━━━━━ Given information ━━━━━
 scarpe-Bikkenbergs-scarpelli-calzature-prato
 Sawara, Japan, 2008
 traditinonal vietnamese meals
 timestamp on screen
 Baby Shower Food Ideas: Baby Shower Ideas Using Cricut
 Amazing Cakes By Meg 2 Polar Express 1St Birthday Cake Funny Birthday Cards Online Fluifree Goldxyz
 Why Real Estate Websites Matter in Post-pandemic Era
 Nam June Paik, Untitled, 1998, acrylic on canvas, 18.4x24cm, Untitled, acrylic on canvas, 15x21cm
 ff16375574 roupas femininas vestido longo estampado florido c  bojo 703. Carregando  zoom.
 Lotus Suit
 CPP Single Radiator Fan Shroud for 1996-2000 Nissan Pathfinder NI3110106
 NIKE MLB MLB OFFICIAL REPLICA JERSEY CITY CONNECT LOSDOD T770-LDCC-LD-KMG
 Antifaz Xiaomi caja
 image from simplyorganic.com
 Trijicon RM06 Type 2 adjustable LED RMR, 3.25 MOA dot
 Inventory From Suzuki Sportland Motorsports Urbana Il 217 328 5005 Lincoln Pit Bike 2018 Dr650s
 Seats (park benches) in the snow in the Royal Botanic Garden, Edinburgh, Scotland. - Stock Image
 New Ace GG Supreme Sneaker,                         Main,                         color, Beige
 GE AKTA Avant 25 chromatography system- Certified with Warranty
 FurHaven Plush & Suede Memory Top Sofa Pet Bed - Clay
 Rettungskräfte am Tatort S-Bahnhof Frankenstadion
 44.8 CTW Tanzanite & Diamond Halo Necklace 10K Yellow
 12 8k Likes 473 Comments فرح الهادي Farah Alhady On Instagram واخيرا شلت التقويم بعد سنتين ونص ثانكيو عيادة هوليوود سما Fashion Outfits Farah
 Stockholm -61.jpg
━━━━━
Which lines run from the one holding "NIKE MLB MLB" through the end of the data? Write them out exactly, ends included, and add nothing.

- Solved problem -
 NIKE MLB MLB OFFICIAL REPLICA JERSEY CITY CONNECT LOSDOD T770-LDCC-LD-KMG
 Antifaz Xiaomi caja
 image from simplyorganic.com
 Trijicon RM06 Type 2 adjustable LED RMR, 3.25 MOA dot
 Inventory From Suzuki Sportland Motorsports Urbana Il 217 328 5005 Lincoln Pit Bike 2018 Dr650s
 Seats (park benches) in the snow in the Royal Botanic Garden, Edinburgh, Scotland. - Stock Image
 New Ace GG Supreme Sneaker,                         Main,                         color, Beige
 GE AKTA Avant 25 chromatography system- Certified with Warranty
 FurHaven Plush & Suede Memory Top Sofa Pet Bed - Clay
 Rettungskräfte am Tatort S-Bahnhof Frankenstadion
 44.8 CTW Tanzanite & Diamond Halo Necklace 10K Yellow
 12 8k Likes 473 Comments فرح الهادي Farah Alhady On Instagram واخيرا شلت التقويم بعد سنتين ونص ثانكيو عيادة هوليوود سما Fashion Outfits Farah
 Stockholm -61.jpg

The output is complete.